También encuentro aseveraciones como que los padres son desbordados en complacencias y que los hijos únicos son egoístas, egocéntricos, consentidos y caprichosos, tiranos que tienden a la depresión, mandones, introvertidos, sobreprotegidos, déspotas, solitarios y con menos habilidades sociales. Hay además quienes afirman que se creen el centro del universo. Es como si en el entorno social y cultural ser hijo único fuera problemático, sencillamente hay familias que por elección o por obligación están conformadas de esta manera, por lo tanto, la ausencia de hermanos no la suple una mascota, ni objetos, ni más tiempo con los abuelos, tíos o primos.
Hay en mi círculo varios hijos únicos de distintas generaciones y con diferentes tipos de familia (familias monoparentales, por ejemplo). La mayoría de los que conozco son seres maravillosos con sus padres y núcleos. Buenos hijos, responsables, amables, llenos de amor, respeto, confianza y bondad, además bastante inteligentes y altamente sensibles.
Contrario a la cantidad de juicios e ideas desfavorables que algunas veces se tejen alrededor de los sobreprotegidos hijos únicos (no hay nadie más a quien cuidar), ellos despiertan su individualidad y hacen que su espacio y su tiempo tengan más límites, esto es propio de su crianza. Incluso, creo que en su temprana infancia ni siquiera tienen conciencia del término egoísmo. Sólo tienen comportamientos particulares propios de su desarrollo sin hermanos y si los hubiesen tenido, la dinámica familiar simplemente habría sido diferente.

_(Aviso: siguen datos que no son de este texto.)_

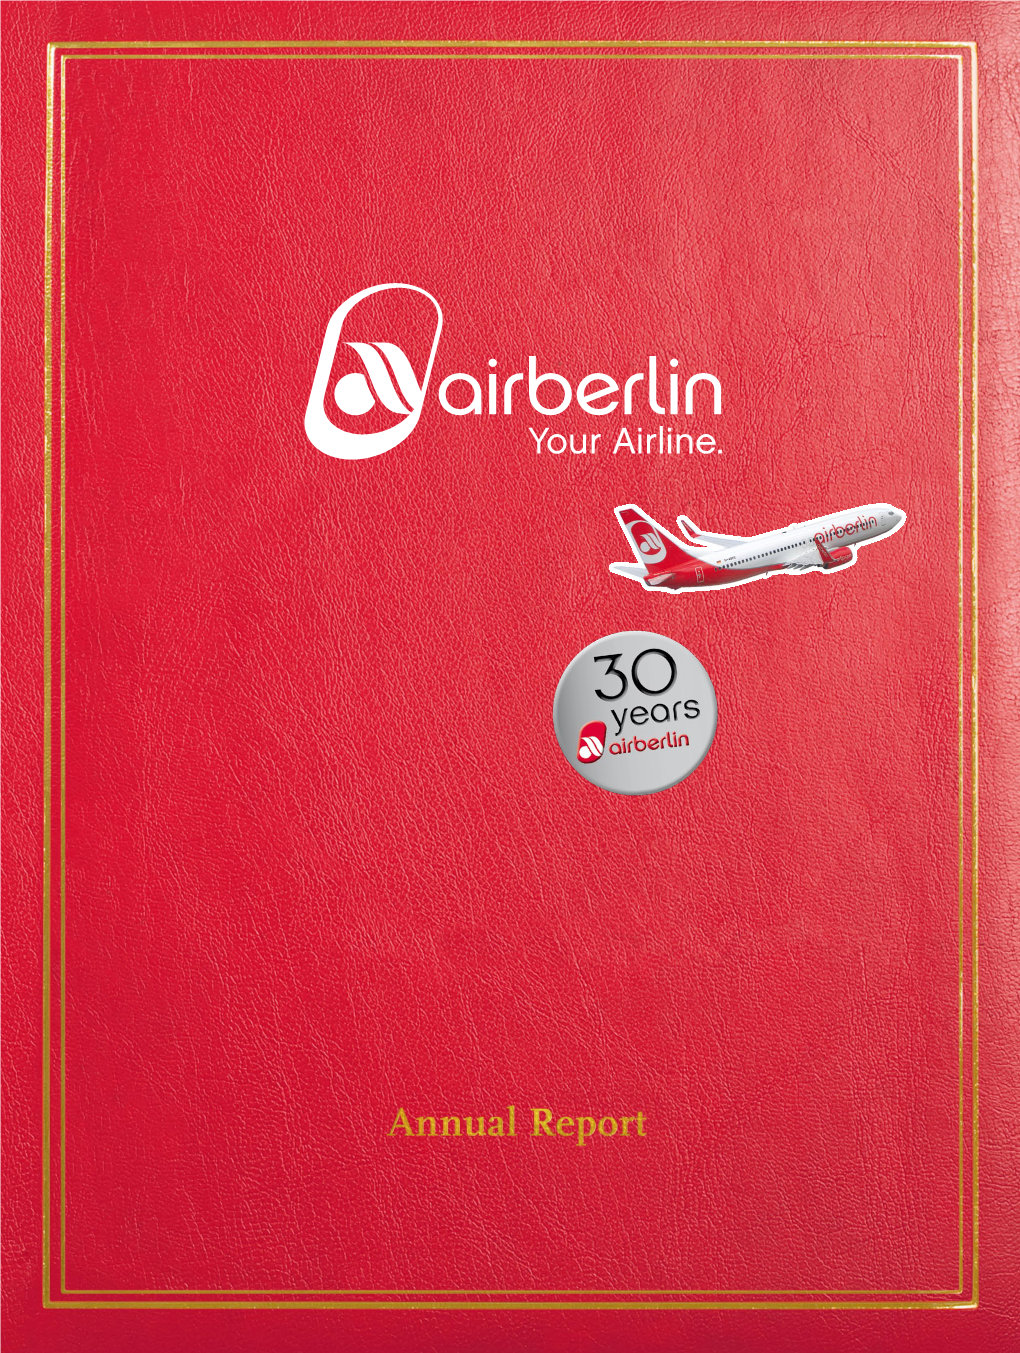 30 Years of Air Berlin! from Berlin Into the World: That’S Our History in a Nutshell

Los hijos únicos potencialmente crecen entre adultos, esto les da madurez temprana, aprenden a escuchar, a ser buenos observadores y su grado de seguridad y fluidez verbal rara vez está en un punto medio. Se acostumbran a estar solos, lo cual les despierta rápidamente el ingenio, la creatividad y el libre desarrollo pues tienen más espacio para el aburrimiento. Quizá aceptan mejor la soledad, son menos celosos, envidiosos y competitivos porque no adolecen en casa las competencias entre hermanos que tanto se ven, no tienen que compartir la atención, el amor, el tiempo o los recursos. Sí, son el centro de la vida de sus padres y muy consentidos ya que todo se enfocó en ellos.

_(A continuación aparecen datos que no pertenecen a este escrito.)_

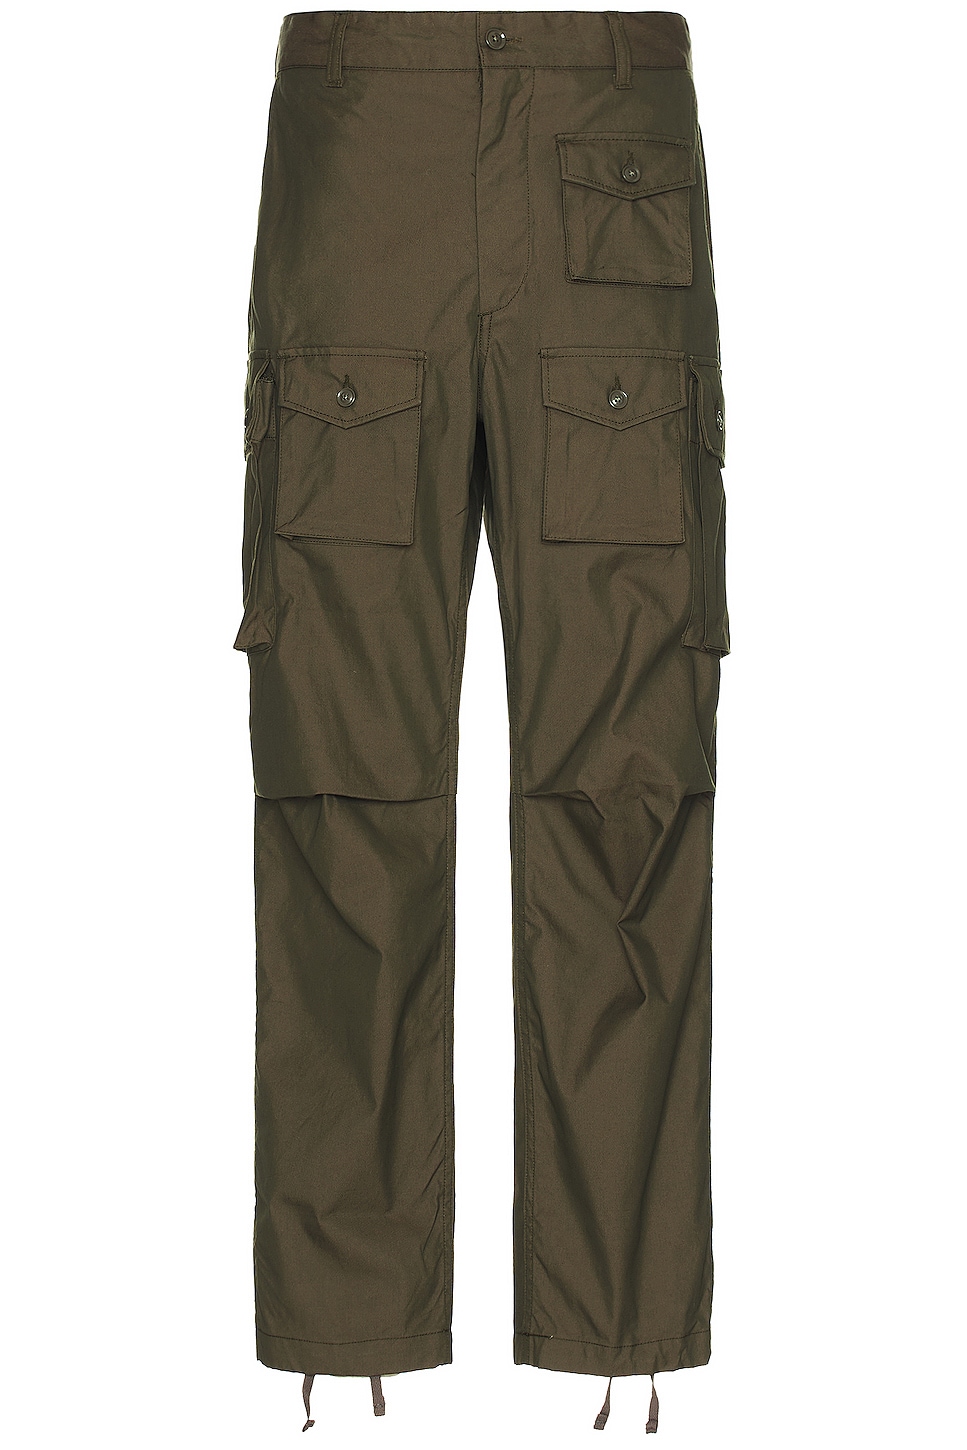 Image 1 of Engineered Garments Fa Pant in Olive

Con el paso del tiempo, estos hijos únicos se ven con más responsabilidades: los padres envejecen o enferman y es entonces cuando el consentido de casa tiene toda la obligación emocional o económica, derivan en ellos los cuidados de sus padres, decisiones importantes, problemas familiares y no tienen con quien compartir o distribuir preocupaciones o tiempos y esto solamente es parte del proceso de la vida.

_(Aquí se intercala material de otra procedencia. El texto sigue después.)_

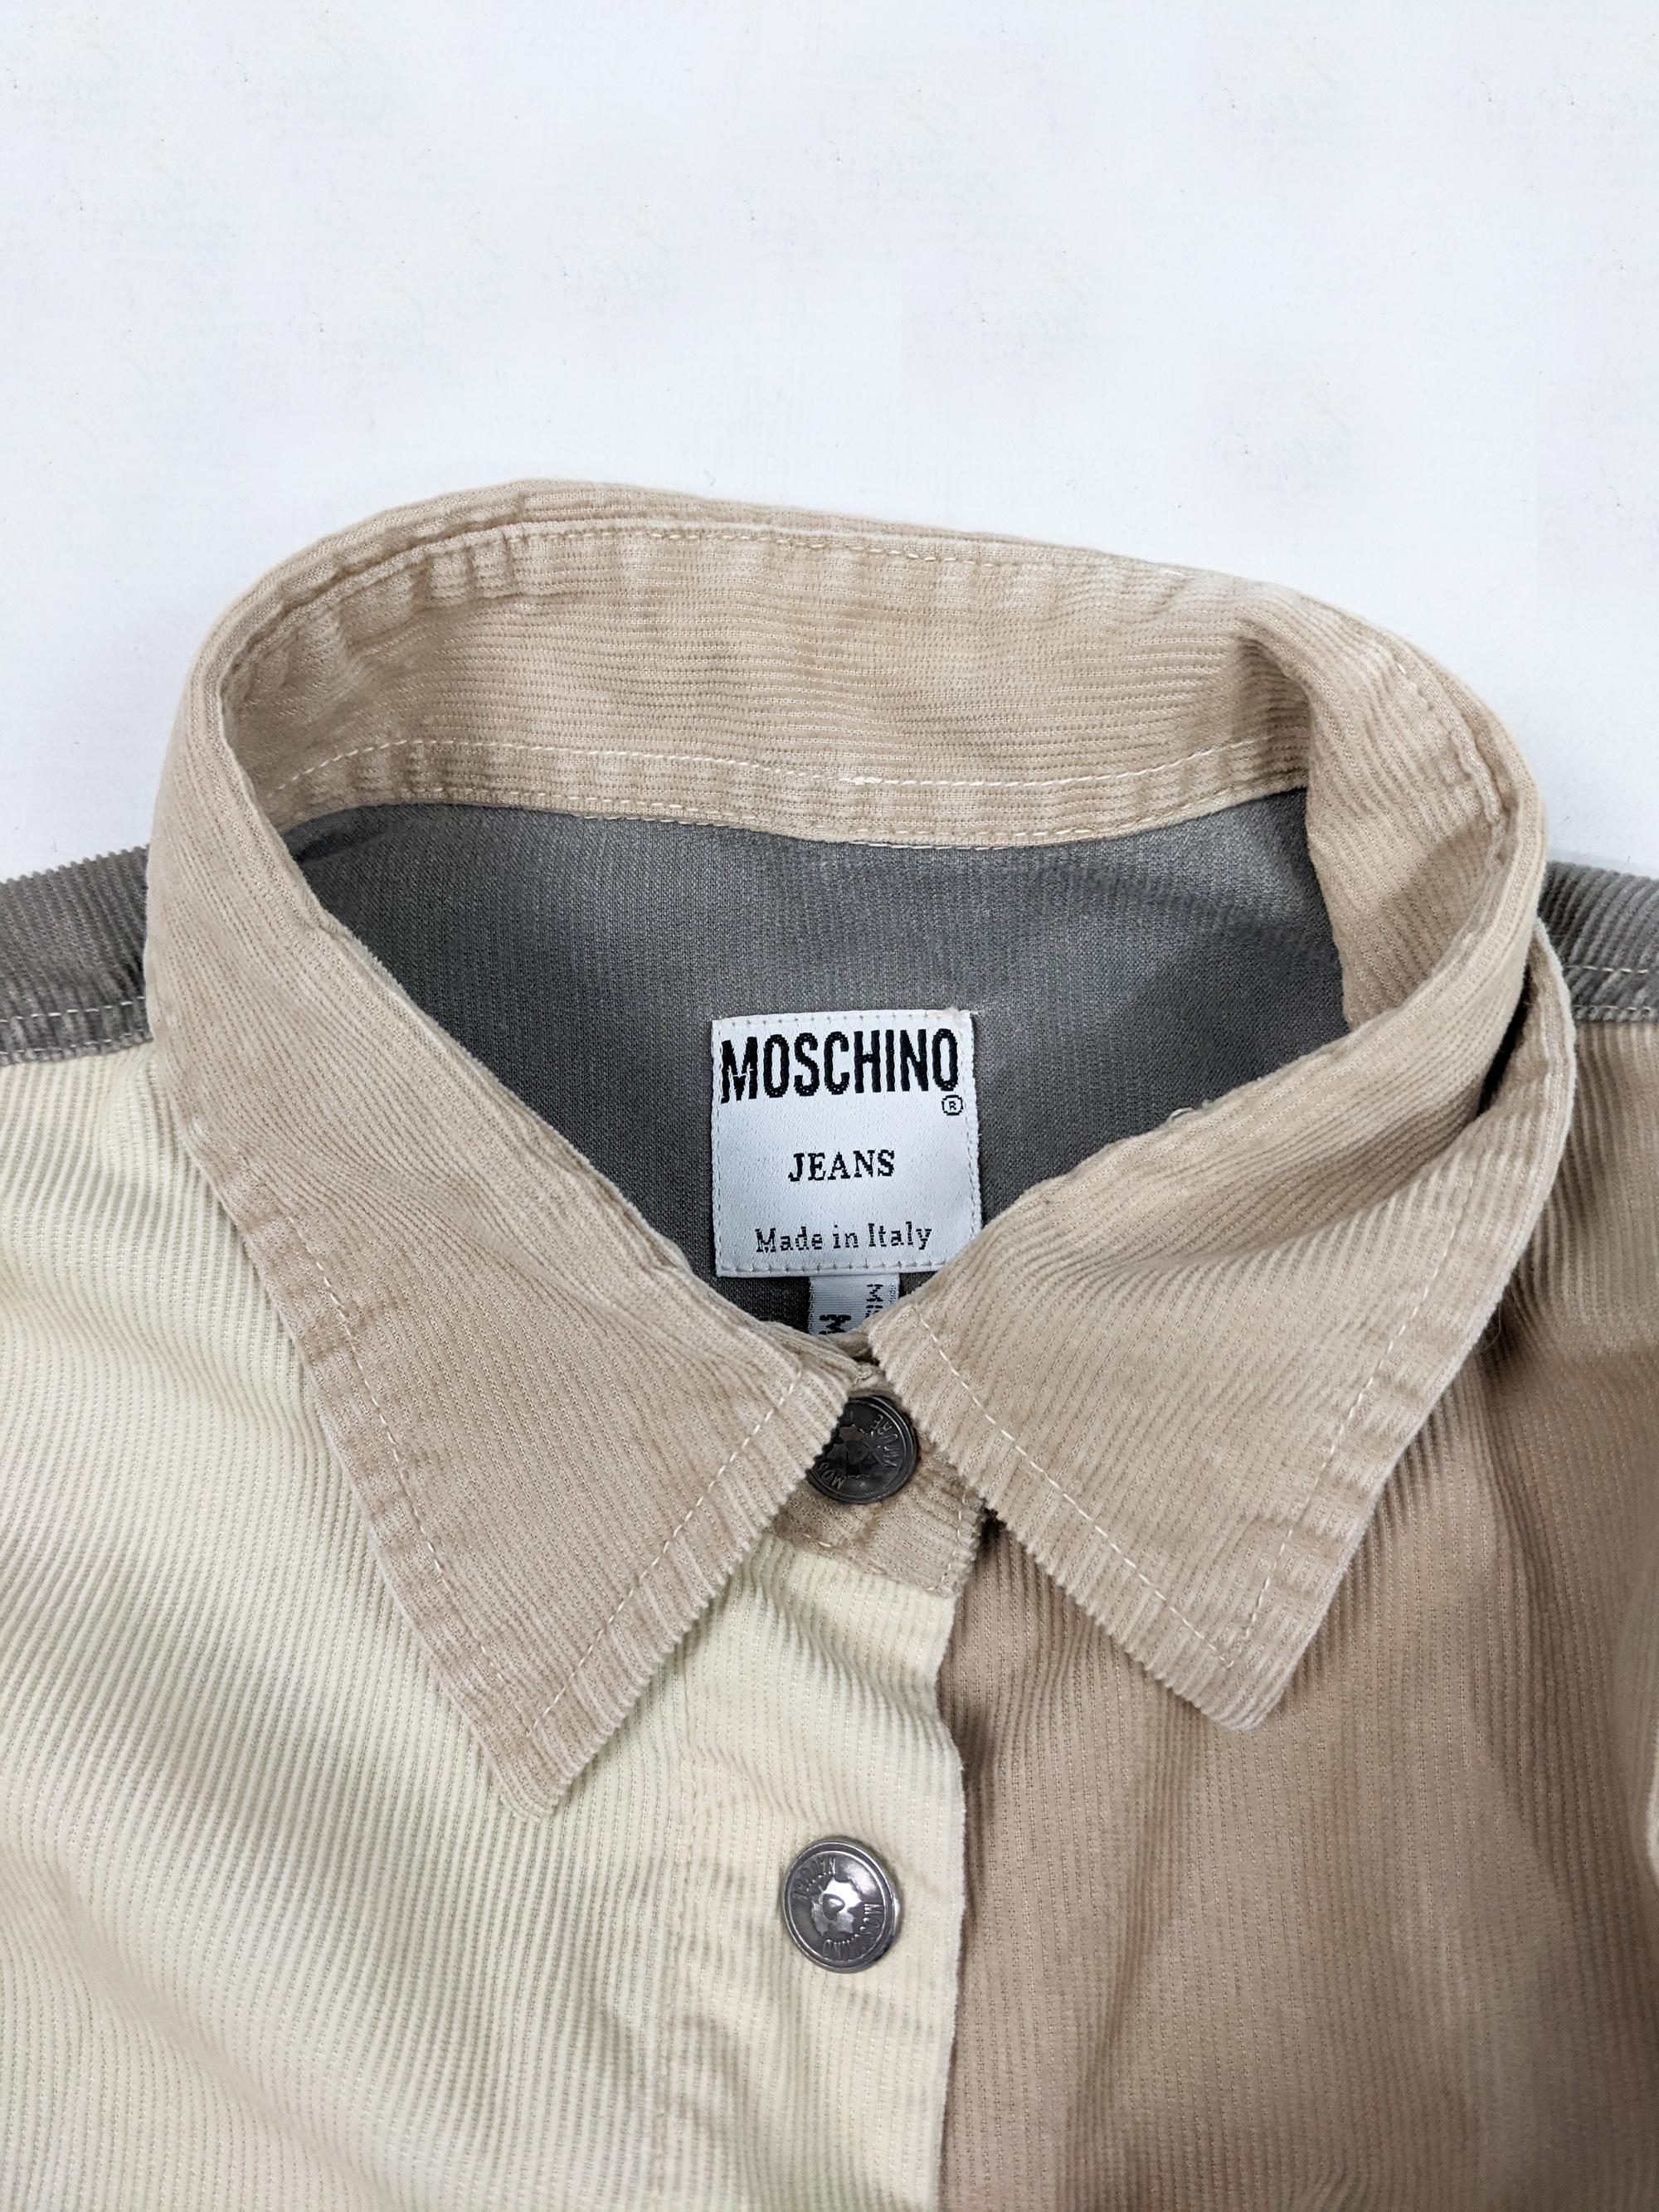 Moschino Vintage Mens Embroidered Cord Shirt 4

Hay quienes tienen el maravilloso legado de los hermanos y lo más seguro es que crezcan en la complacencia y el compartir y puede que en su momento equilibren entre todos responsabilidades familiares, o tal vez crezcan entre algunas preferencias de los padres y unos pocos choques entre sí. También hay casos en los que a pesar de ser varios hijos, los que dan atención a los padres y asumen roles de responsabilidad en su hogar primario son la minoría.
Hijos únicos siempre han existido y siempre existirán. Porque es jueves de volver a lo que fue, lo que es, lo que siempre será…porque fui el único amor del hogar de mis padres, porque soy madre de una niña mimada y porque cada rama es un único privilegio así haya una gran parentela.